# Running directional tires backwards



## civdic (May 13, 2009)

I was out for a group ride last night and I noticed one of the senior riders had his rear Corsa CX tubs glued on backwards. I asked him about it and he said they perform better in the rain especially when the roads are slippery. The front tire was on pointed in the right direction.

He told me the directional thing is BS especially on a tire with a tread pattern like the Vittoria's. 

I've seen backwards tires before but I thought it was just a mistake. Anyone else run tires backwards?


----------



## AndrwSwitch (May 28, 2009)

Road tires are not directional.

I know they have arrows on them and they say they are.

But they aren't.

Tires with a significant tread, especially ridden on dirt, sometimes perform differently in different directions.


----------



## danl1 (Jul 23, 2005)

Whether these are meaningfully directional is one topic - but I agree that it's not really going to matter. 

The real issue here: He got it glued on, then realized they were backwards. The rest is all rationalization to shut you up.

Consider the facts - he contradicts himself twice: Once by saying it's BS (but that he does it that way because makes a difference) and another time by having one wheel each way.


----------



## civdic (May 13, 2009)

If it doesn't make any difference why put any arrows on the tires? Aesthetics?

I doubt he did it by mistake. He said he doesn't do it with his Conti's. Just the Vittoria and the Velolex's. He says he keeps the front wheel directional.


----------



## iheartbenben (Mar 18, 2011)

FWIW I run my MTB slicks in reverse to get more "bite" in the dirt with they directional "V" pattern turned backwards.

I imagine the same principle would apply.


----------



## kbwh (May 28, 2010)

*chuckle*

(See below. That lining up of the label with the valve stem on a tubular tire actually cracked me up. Big time.)


----------



## QQUIKM3 (Apr 20, 2008)

*Busted. .*



civdic said:


> He told me the directional thing is BS especially on a tire with a tread pattern like the Vittoria's.


You cought him doing something retarded, and he's not too quick in his feet. Vittoria wouldn't bother putting arrows into the mold to go on a tire if it weren't for a reason. The moron glued them on wrong. Probably doesn't even have the lable lined up with the valve stem either.


----------



## civdic (May 13, 2009)

QQUIKM3 said:


> You cought him doing something retarded, and he's not too quick in his feet. Vittoria wouldn't bother putting arrows into the mold to go on a tire if it weren't for a reason. The moron glued them on wrong. Probably doesn't even have the lable lined up with the valve stem either.

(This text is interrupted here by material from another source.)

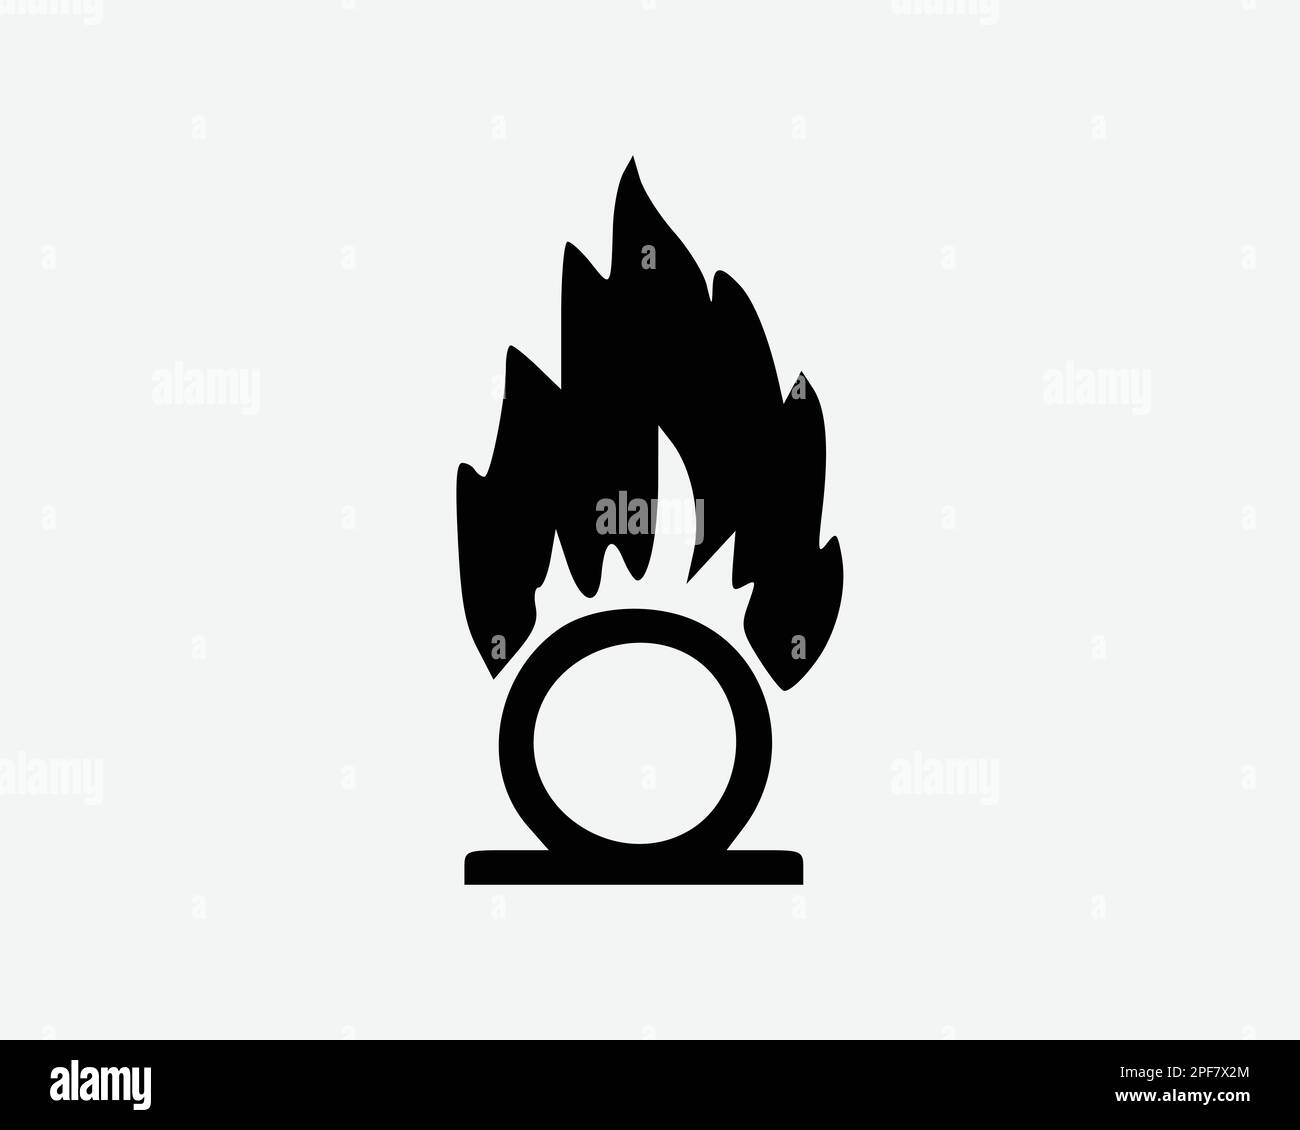 Icona Fireball fuoco sfera bruciare elemento energia potenza Black White Silhouette simbolo segno grafico clipart Illustrazione pittogramma vettore Illustrazione Vettoriale

Careful with the retarded comments. On a tubi you don't have a choice where the label and valve stem line up.


----------



## danl1 (Jul 23, 2005)

civdic said:


> If it doesn't make any difference why put any arrows on the tires? Aesthetics?
> 
> I doubt he did it by mistake. He said he doesn't do it with his Conti's. Just the Vittoria and the Velolex's. He says he keeps the front wheel directional.


I won't say it 'doesn't' matter, but it's whatever is below trivial.

I can't find it now, but I recall an interview with a Continental rep that when asked about the directional arrow, said something to the effect of "It matters not-at-all. We just got sick of answering the same stupid question over and over again, so we put an arrow on the sidewall."


----------



## stevesbike (Jun 3, 2002)

if you're running a CX in the rain the last thing you're going to be worried about is whether you glued it on the right direction. You're likely going to be thinking "guess this is why they come out with the SC" as you slide across the road...


----------



## cxwrench (Nov 9, 2004)

QQUIKM3 said:


> You cought him doing something retarded, and he's not too quick in his feet. Vittoria wouldn't bother putting arrows into the mold to go on a tire if it weren't for a reason. The moron glued them on wrong. Probably doesn't even have the* lable lined up with the valve stem either*.


brilliant comment of the day, possibly the week...


----------



## forge55b (Jan 30, 2011)

cxwrench said:


> brilliant comment of the day, possibly the week...


I thought I was reading that incorrectly so had to check to make sure it wasn't glued on clinchers.


----------



## Fixed (May 12, 2005)

*No!*

OMG no, they are going to explode and kill you! 

The reverse osmotic hysteresis of the subvalent tire molecular compound is atomically linked to the Avogadro's Constant. You should not do this. Sheldon Brown said so.


----------



## danl1 (Jul 23, 2005)

danl1 said:


> I can't find it now, but I recall an interview with a Continental rep that when asked about the directional arrow, said something to the effect of "It matters not-at-all. We just got sick of answering the same stupid question over and over again, so we put an arrow on the sidewall."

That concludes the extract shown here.